_Description of the task_
Without the pictures, retype each line below exactly as it stands.

_Data extract_
——

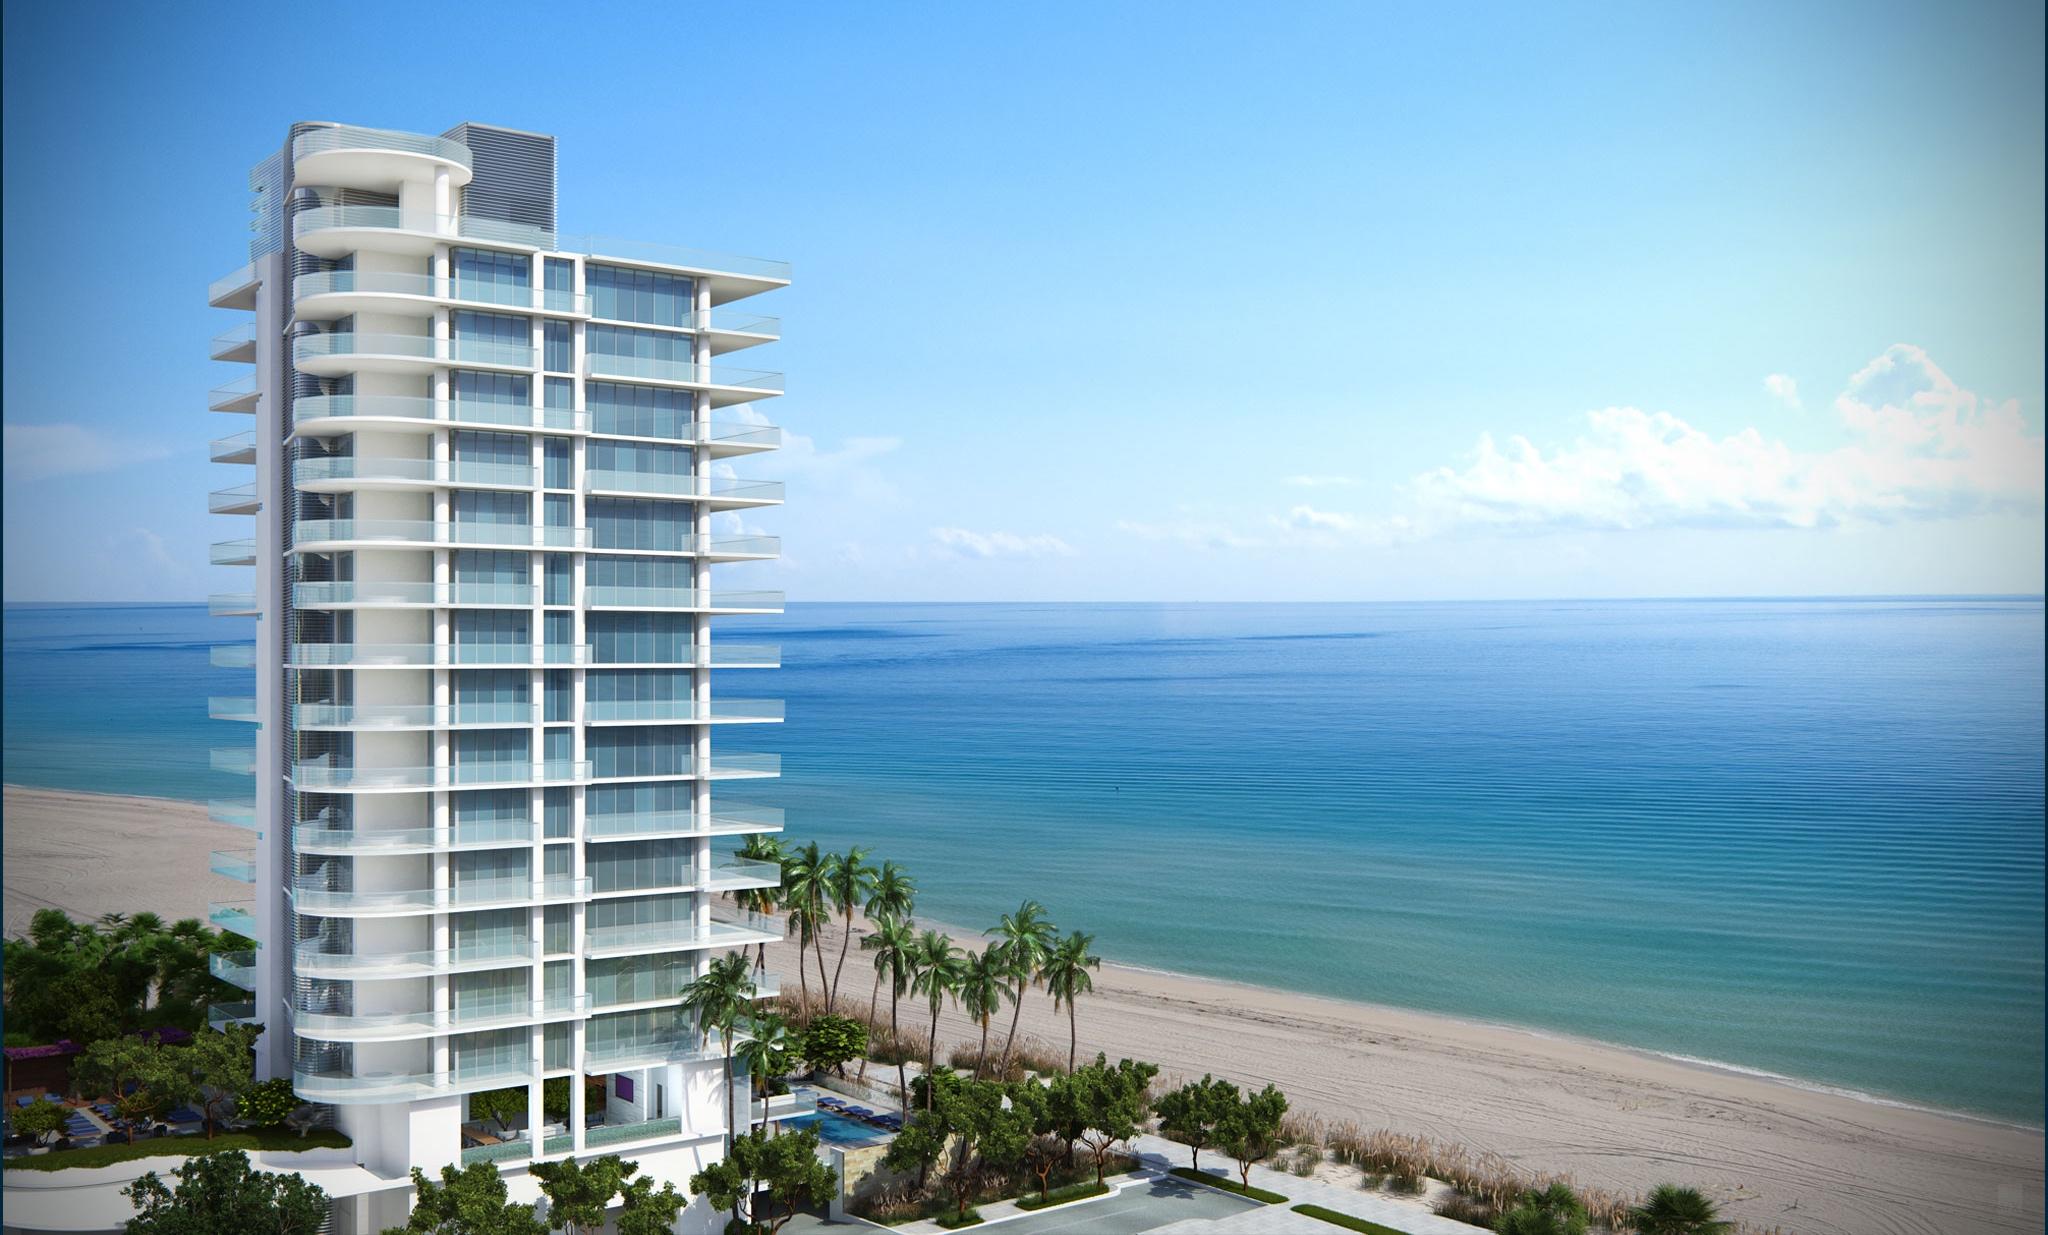 Penthouse at L'Atelier Residences, Miami Beach - Building
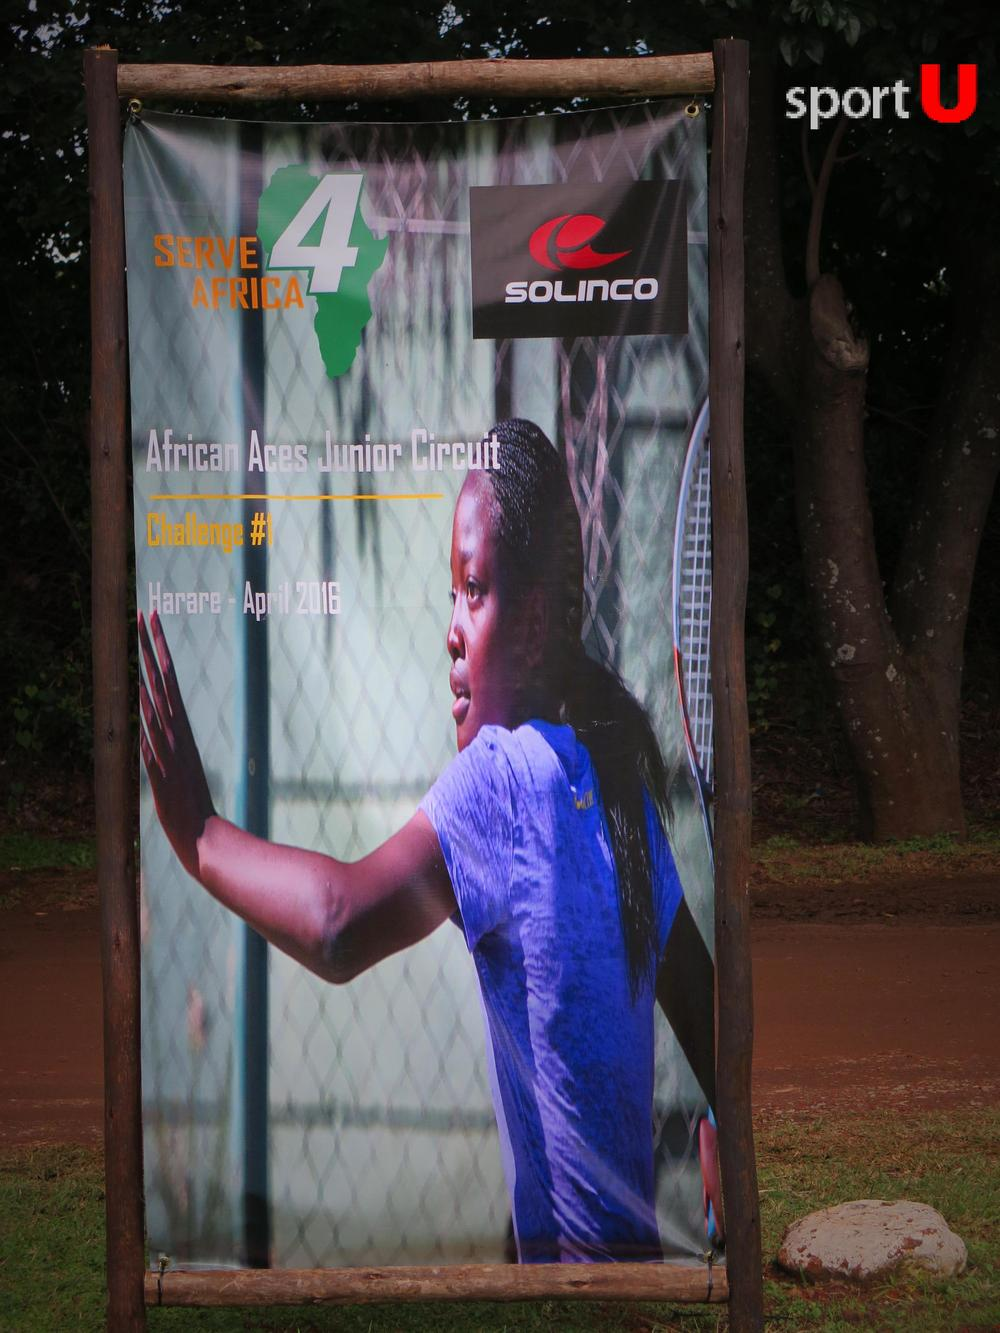 AfricanAces81. sportU.jpg
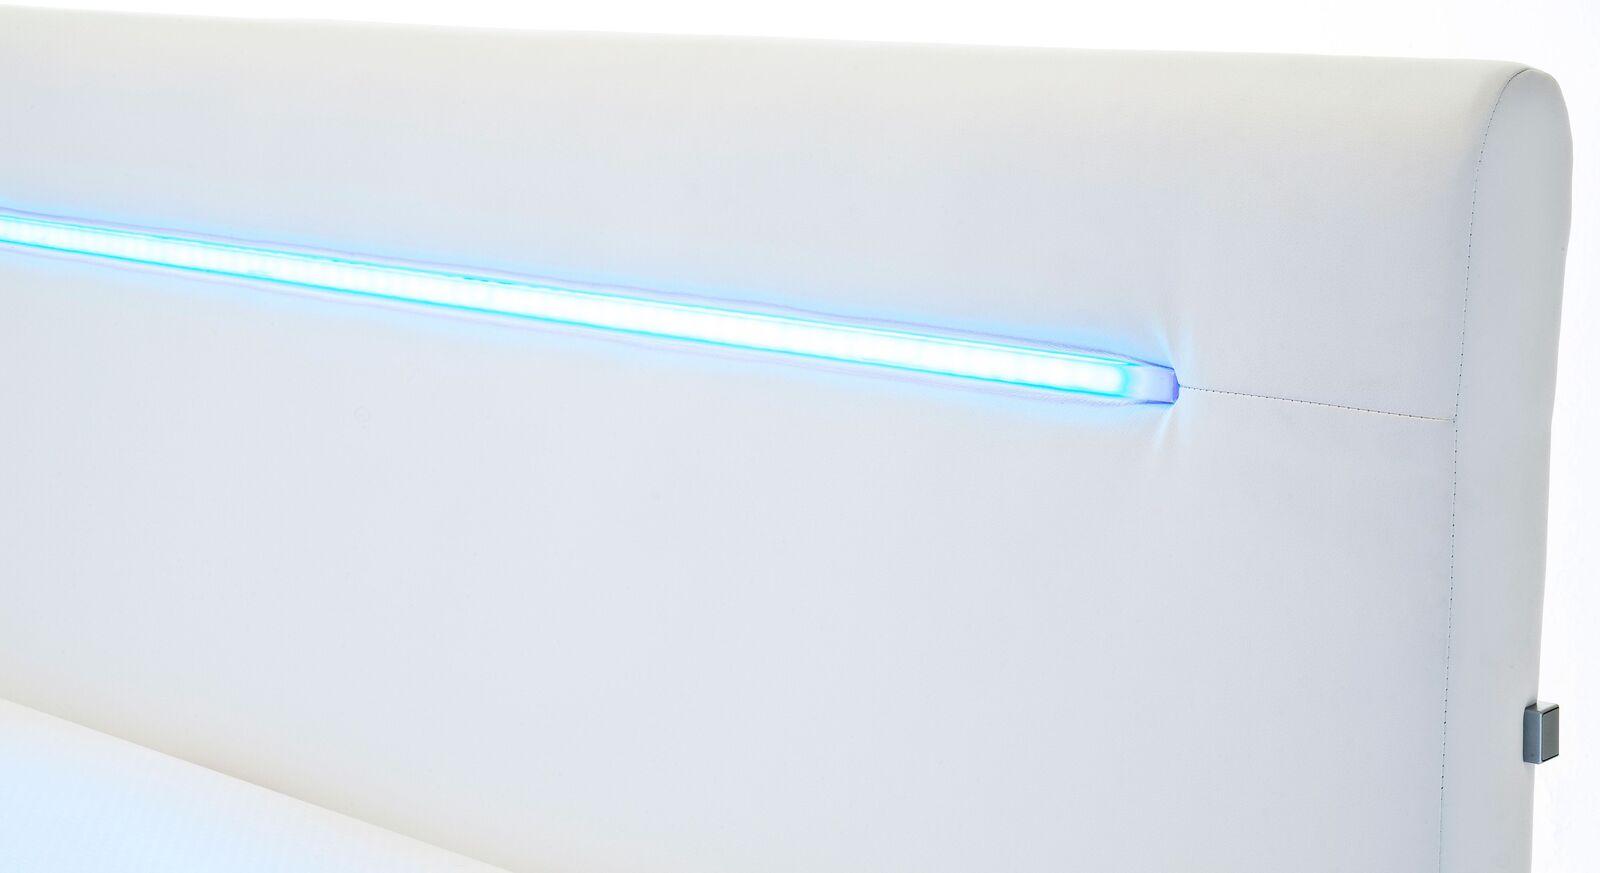 Boxspringbett Lexton mit gepolstertem Kopfteil inklusive LED-Stripes

——

_Answer section_
 Penthouse at L'Atelier Residences, Miami Beach - Building
 AfricanAces81. sportU.jpg
 Boxspringbett Lexton mit gepolstertem Kopfteil inklusive LED-Stripes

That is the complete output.